The Organisation of Petroleum Exporting Countries (OPEC) yesterday said its recent achievements in the African region would have remained elusive without the roles of African Refiners and Distributors Association (ARDA).
In a letter dated 23rd June and addressed to the Executive Secretary of ARDA, Anibor Kragha, the Secretary General of OPEC, Mohammad Sanusi Barkindo, who is expected to end his tenure by July 31 (next month) noted that Kragha and ARDA helped paved the way for the expansion of OPEC’s footprint in Africa.
ARDA, an association made up of key players in the downstream segment of the continent’s petroleum industry is leading in Africa’s transition to cleaner fuels by promoting harmonization of cleaner fuel specifications across Africa in line with the AFRI Fuels Roadmap. The move will avoid urban pollution and the associated health challenges. The group is also focused on addressing supply and distribution infrastructure gap for petroleum products in the face of growing population, executing carbon abatement projects at its Member refineries to reduce their carbon footprints, and promoting LPG as a cleaner cooking alternative to biomass across Africa.
Describing the recent years in the sector as challenging, Barkindo said the relationship with Kragha and the ARDA team created leeway for successes recorded in the sector, particularly on the continent.

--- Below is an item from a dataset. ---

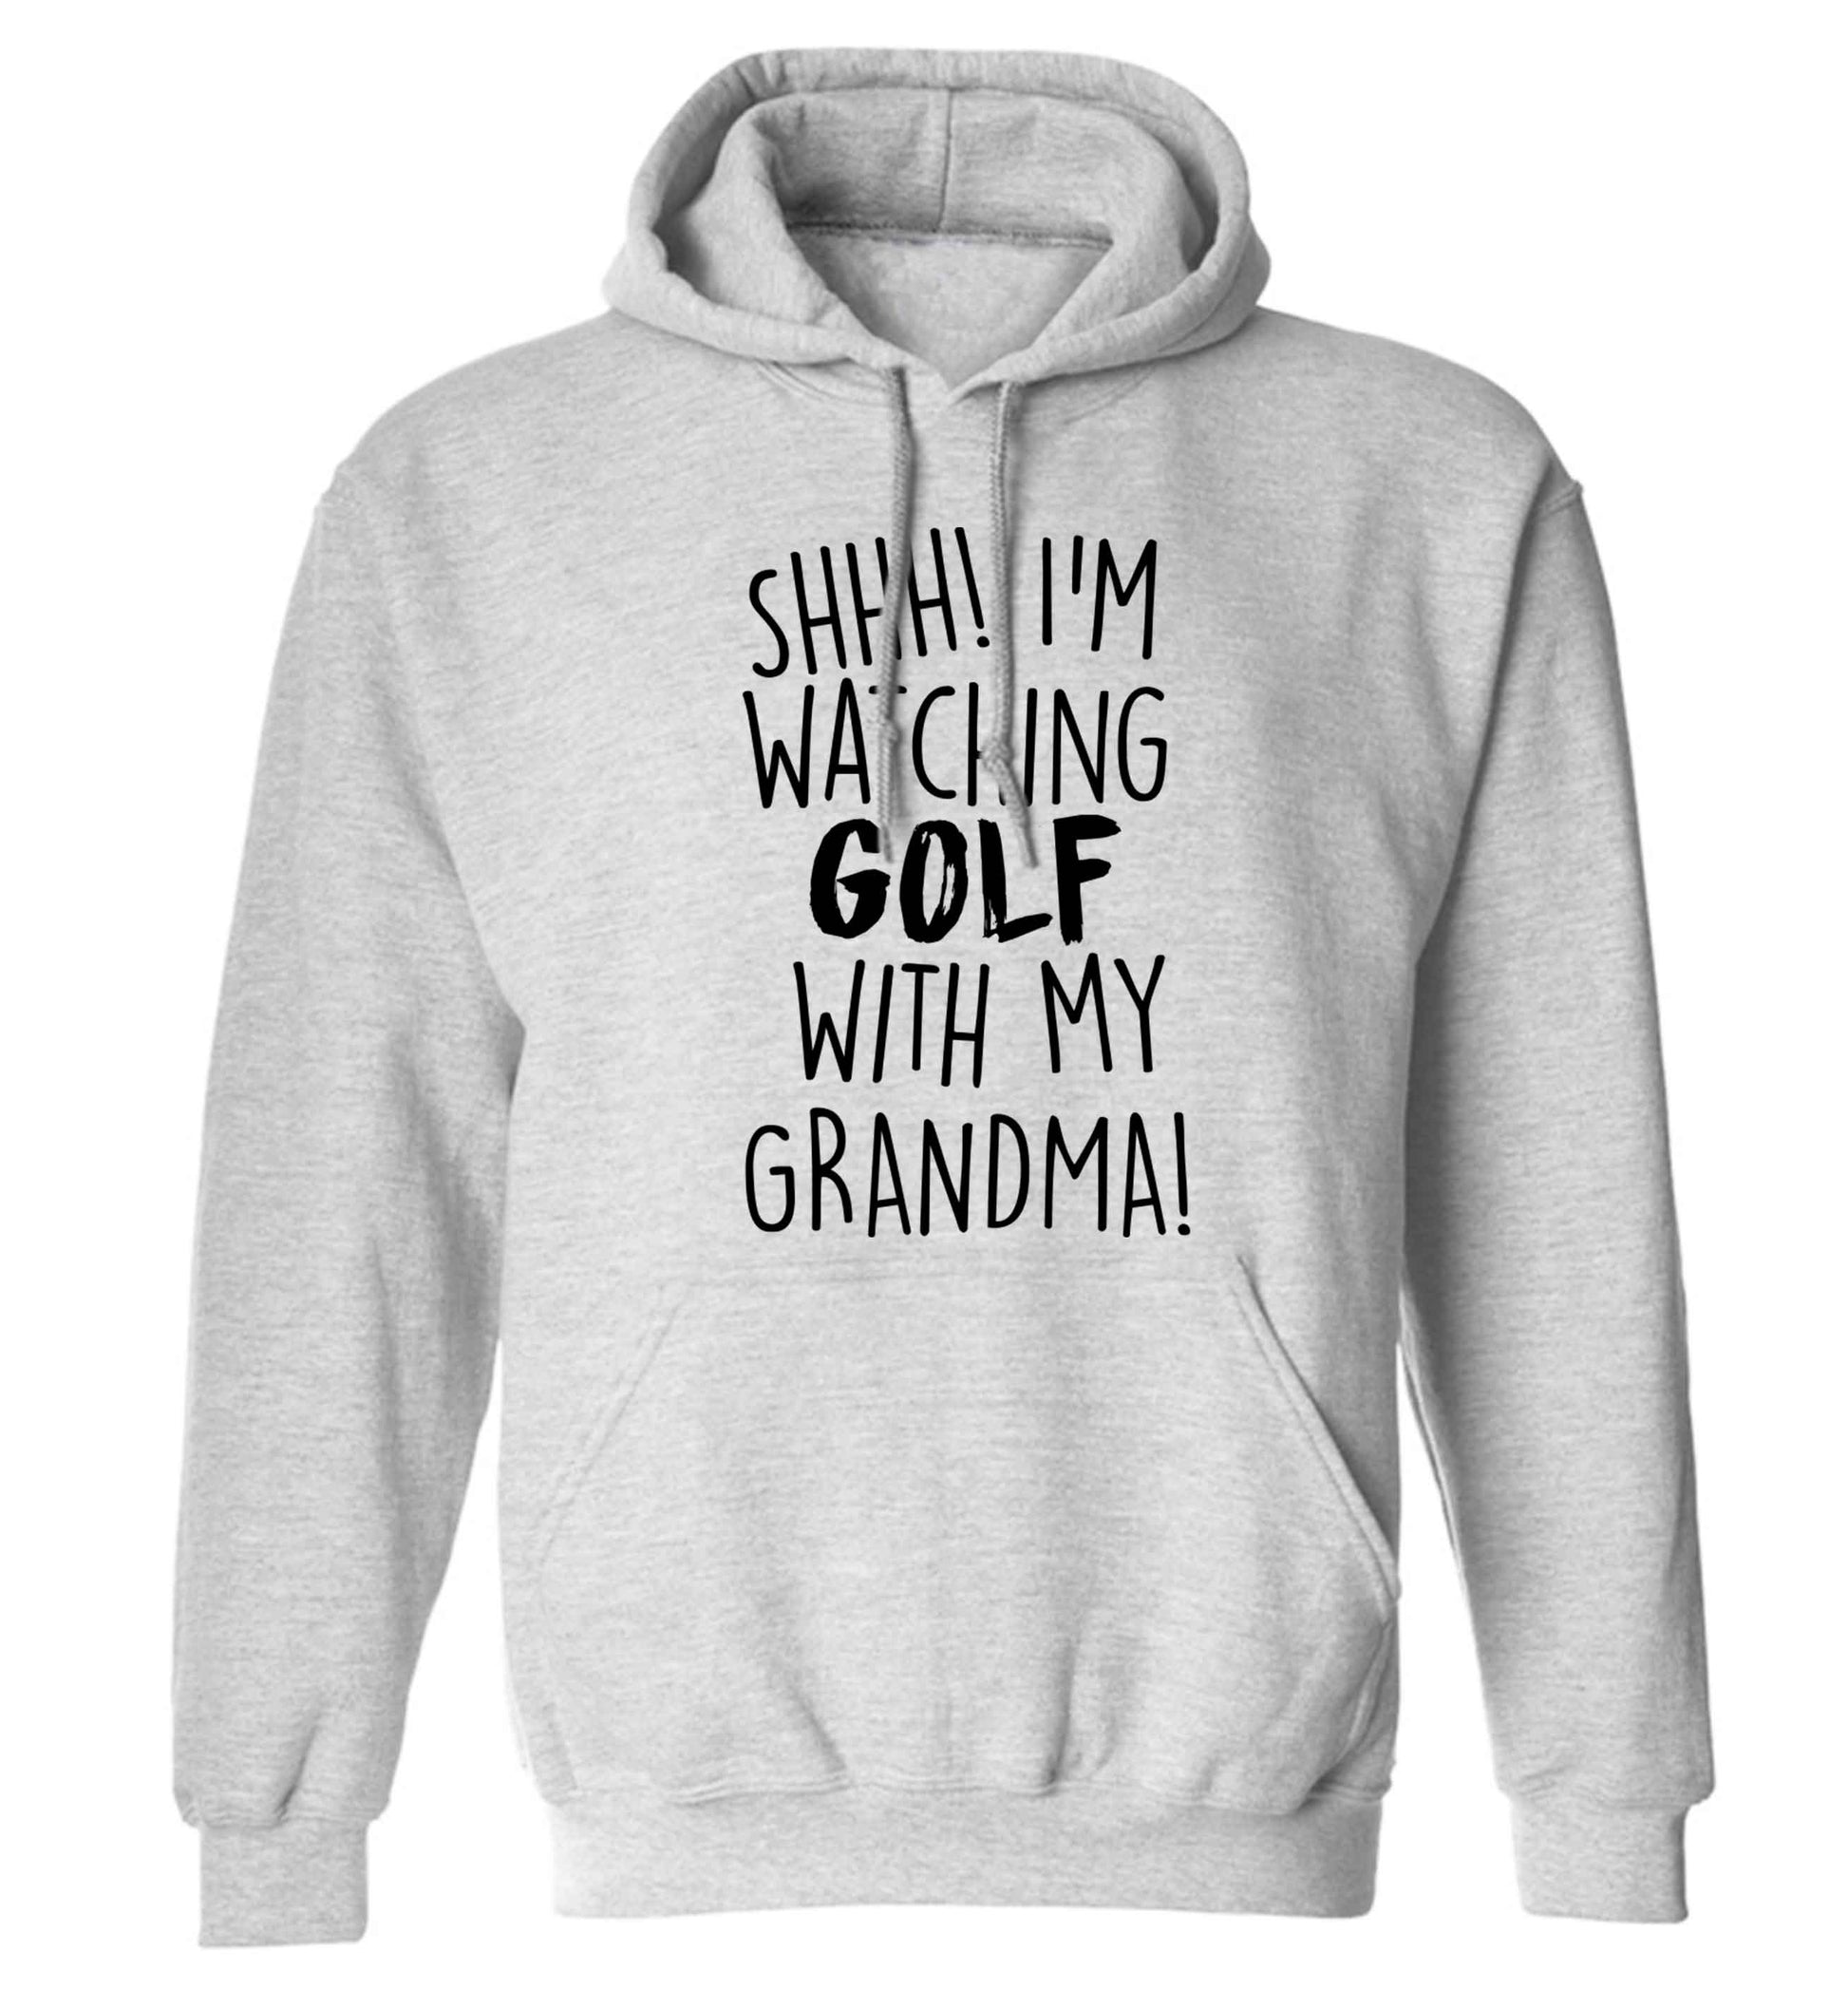 Shh I'm watching golf with my grandma adults unisex grey hoodie 2XL

“One of the cardinal achievements was the launch of the inaugural OPEC-Africa Dialogue in June of 2021, which could not have been realized without the African Refiners and Distributors Association (ARDA) and your excellent leadership as Executive Secretary.
Your esteemed organization, in partnership with the African Energy Commission (AFREC) and the African Petroleum Producers’ Organization (APPO) helped pave the way for the establishment of an historical partnership that will have a lasting legacy for OPEC and its Member Countries.
“This is the newest of OPEC’s portfolio of international energy dialogues, and comes as the Organization has witnessed an expanding African membership. In fact, we have proudly welcomed three new Members from Sub-Saharan Africa during my short tenure alone. Congo joined OPEC in 2018, Equatorial Guinea joined in 2017 and Gabon rejoined in 2016, after having been a Member for two decades, from 1975 until 1995.
“These newer Members are building upon an already strong continental foundation, which includes: Libya, which joined OPEC in 1962, Algeria in 1969,Nigeria in 1971 and Angola in 2006. All-together, since 2018, Africa is the continent with the highest number of Member Countries in OPEC,” Barkindo said.
According to him, throughout OPEC’s 62-year history, African Member Countries have played a key role in meetings and decisions in support of the Organization’s efforts on the global stage to promote stability in the global oil market in the interest of producers, consumers and global economy.
Looking ahead, Barkindo noted that there was need for continued fruitful collaboration with ARDA, in addition to AFREC, APPO and other leading African partners.
Such collaboration to him, would strengthen and empower Africa to reach its full potential as a leading global provider of sustainable energy to help meet the world’s growing energy requirements.